1.2.3 Types of Functions

• A one-to-one function (injective function) exists if each element in the domain has a distinct image in the co-domain.
• An onto function (surjective function) exists if each element in the co-domain has at least one pre-image in the domain.
• A one-to-one correspondence (bijective) occurs when a function is both one-to-one and onto.

1.2.4 Graphs of Functions

• A linear function is defined by f(x) = ax + b (where $a \neq 0$), and its graph is a straight line.
• The constant a represents the slope and b is the y-intercept.
• A constant function is defined by f(x) = b; its domain is all real numbers and its range is the single value $\{b\}$.
• A quadratic function is defined by $f(x) = ax^2 + bx + c$ (where $a \neq 0$); its graph is a U-shaped curve called a parabola.
• The number a is the leading coefficient of the function.
• All parabolas are symmetric with respect to a line called the axis of symmetry.
• The vertex is the point on the coordinate system where the graph turns either upward or downward
• This vertex is also known as the turning point of the graph.
• If $a > 0$, the parabola opens upward and the vertex provides a minimum value.
• If $a < 0$, the parabola opens downward and the vertex provides a maximum value.
• The x-intercept is the point where the graph crosses the x-axis (y = 0).
• The y-intercept is the point where the graph crosses the y-axis (x = 0).

Process: Solving Quadratic Equations Graphically

1. Rearrange the equation so that one side is equal to zero, forming the function f(x) = 0.
2. Draw the graph of the quadratic function.
3. Read the x-coordinate(s) of the point(s) where the curve crosses the x-axis; these are the solutions.

Process: Solving Quadratic Inequalities Graphically

1. Write the quadratic inequality in standard form ($ax^2 + bx + c \ge 0$ or $\le 0$).
2. Graph the quadratic function $f(x) = ax^2 + bx + c$ using properties like the vertex and intercepts.
3. If seeking values where f(x) < 0, identify the region where the parabola is below the x-axis.
4. If seeking values where f(x) > 0, identify the region where the parabola is above the x-axis.

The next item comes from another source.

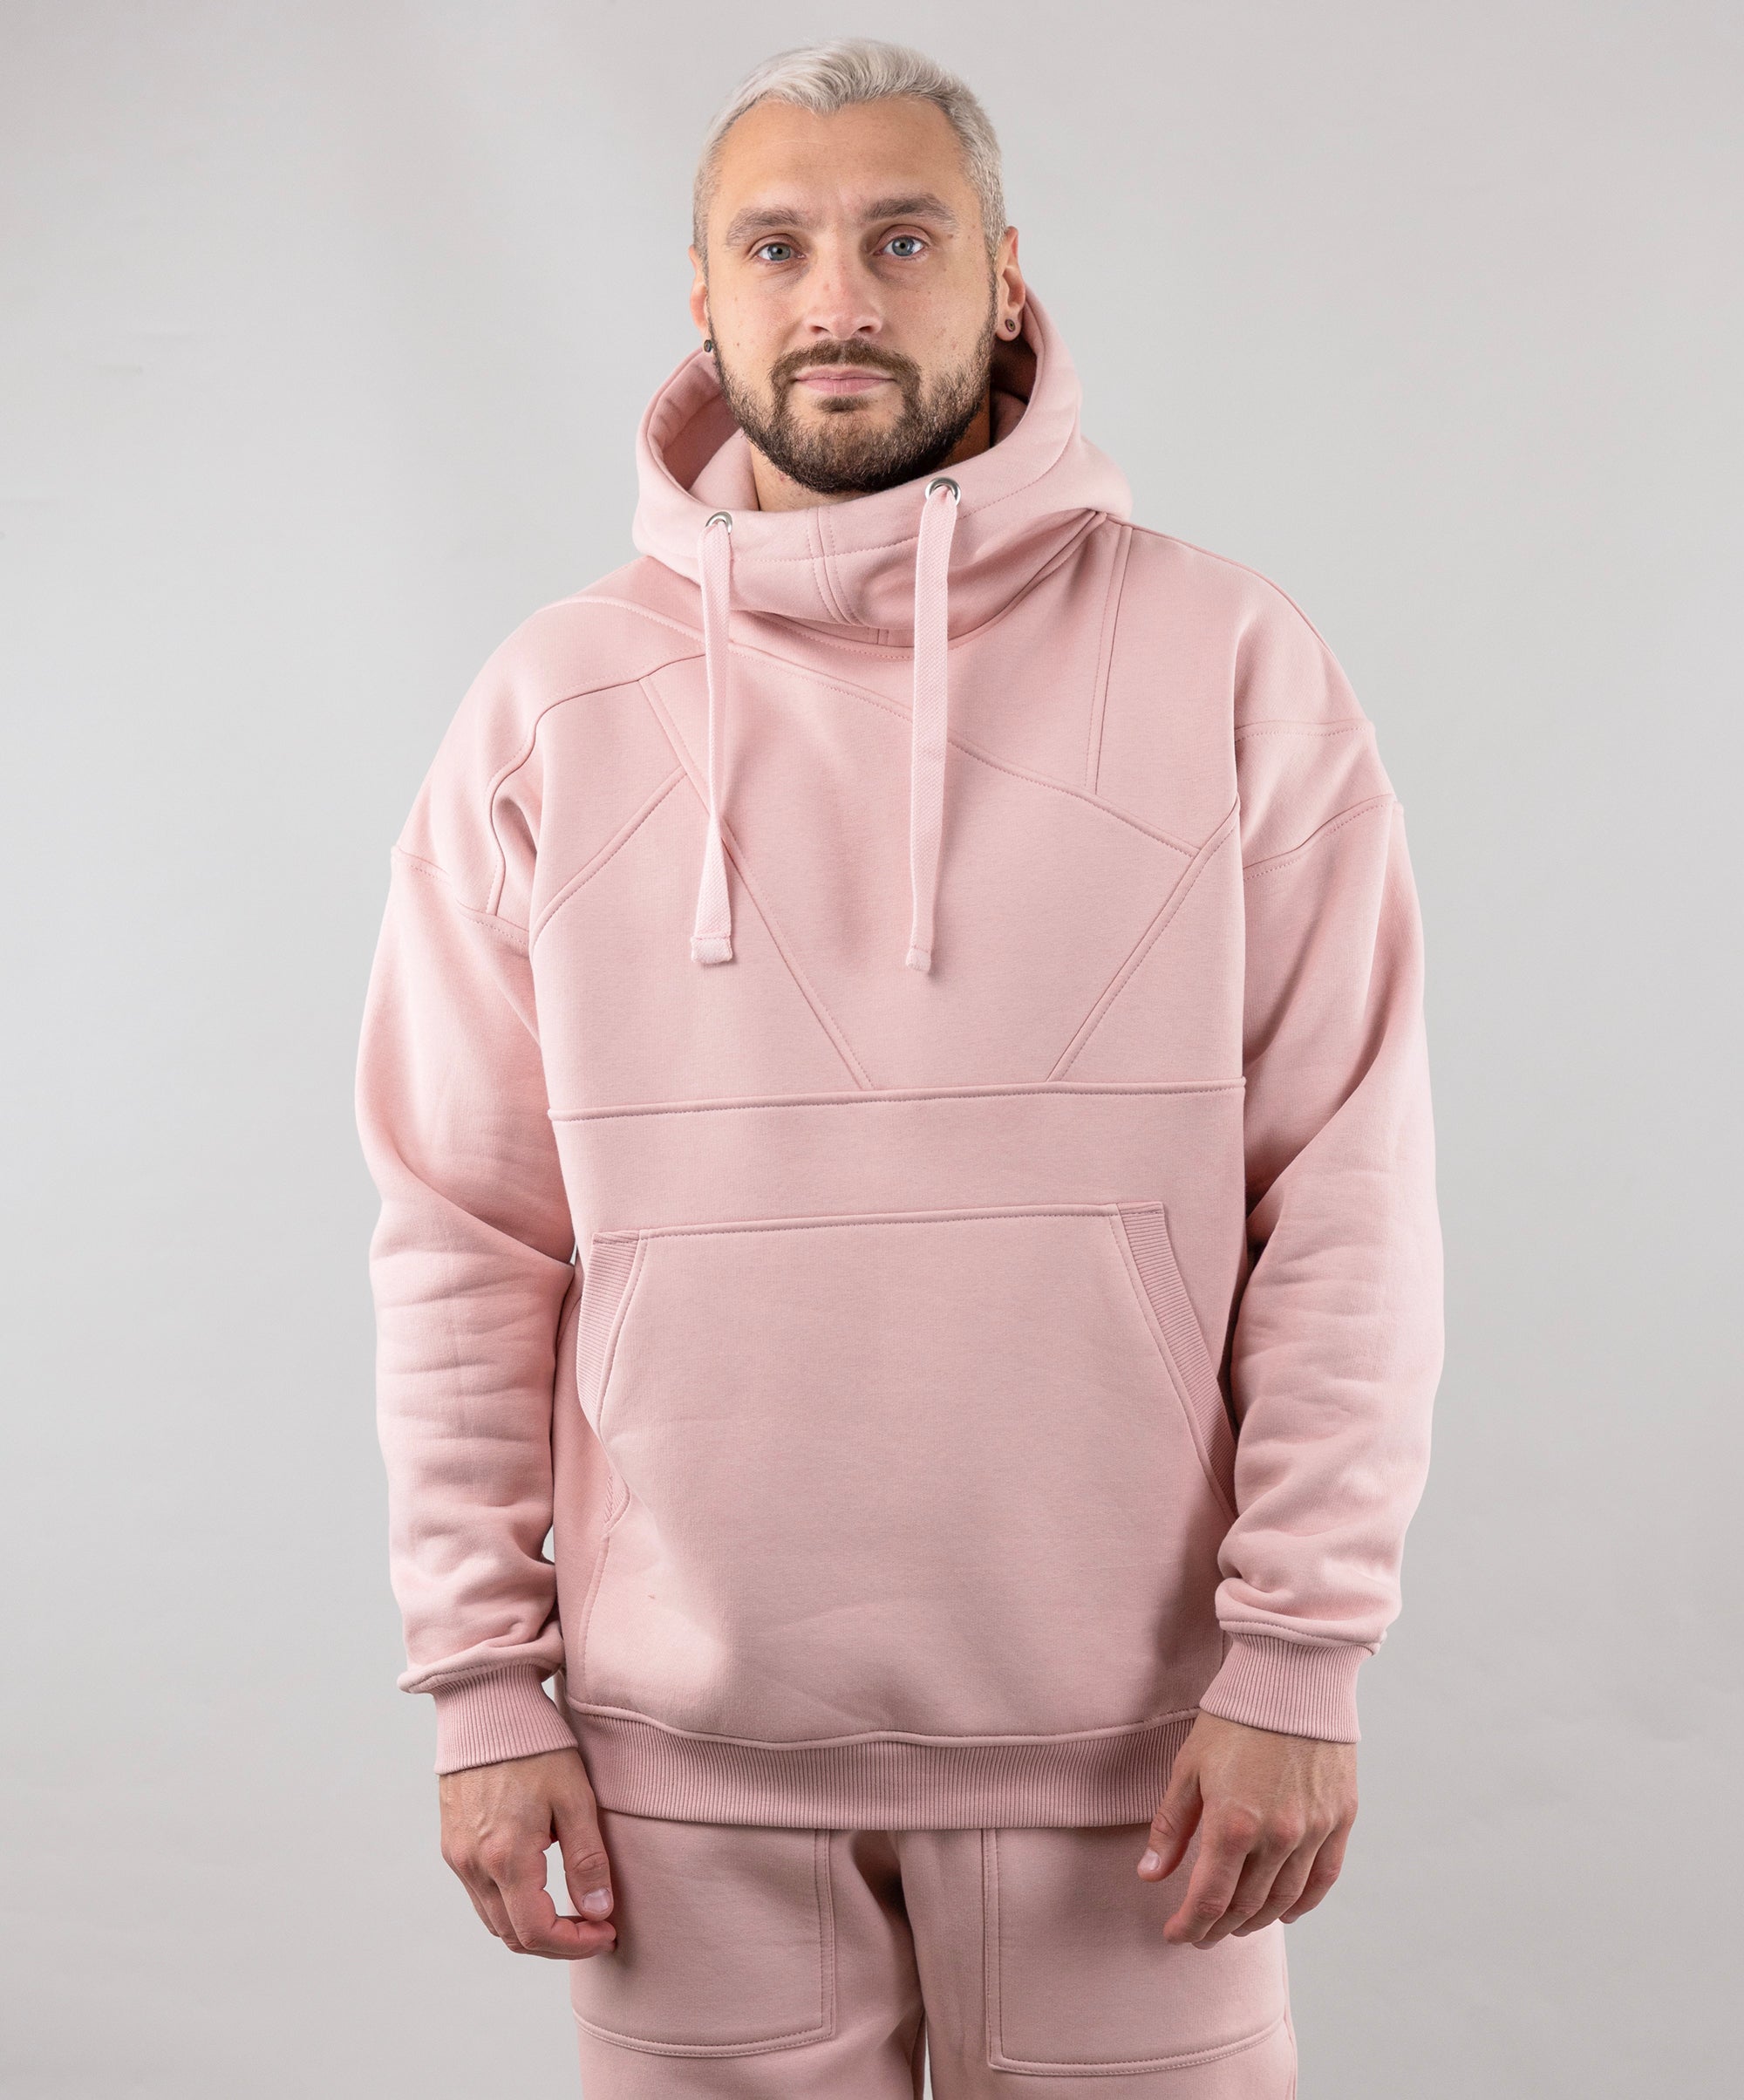 Warm Oversize Hoodie "Introvert". Pink. On the Man. In front

1.3 Applications of Relations and Functions

• Relations model real-world dependencies, such as the relationship between a woman’s femur length and her height used in forensic science.
• Linear functions are used to calculate service costs, such as electrician fees based on hours worked ($C(t) = 150t + 70$).
• Quadratic functions model the motion of objects thrown into the air, reaching a peak at the maximum value before falling.

Key Terminology

• Axis (orthogonal-axis): One of the perpendicular lines defining a coordinate system.
• Axis of symmetry: The vertical line that passes through the vertex of a parabola.
• Combination of functions: A new function formed by performing arithmetic operations on two or more functions.
• Constant function: A function that can be written in the form f(x) = b.
• Coordinate system: A system defined by an ordered pair of perpendicular lines used to represent ordered pairs graphically.
• Domain: The set of all first components in the ordered pairs of a relation or the valid input set for a function.
• Function: A special type of relation where each input is related to exactly one output.
• Leading coefficient: The coefficient a of the highest-degree term in a polynomial function.
• Linear function: A function written as f(x) = ax + b, where $a \neq 0$.
• Parabola: The U-shaped curve representing the graph of a quadratic function.
• Quadratic function: A function written as $f(x) = ax^2 + bx + c$, where $a \neq 0$.
• Range: The set of all second components in the ordered pairs of a relation or the set of output values for a function.
• Relation: A set of ordered pairs linking objects or values.
• Slope: A constant a that determines the steepness and direction of a linear function.
• Turning point: The point on a coordinate system where a quadratic function turns either upward or downward.
• Vertex: The intersection point of a parabola and its axis of symmetry.
• X-intercept: The coordinate where a graph crosses the horizontal axis.
• Y-intercept: The coordinate where a graph crosses the vertical axis.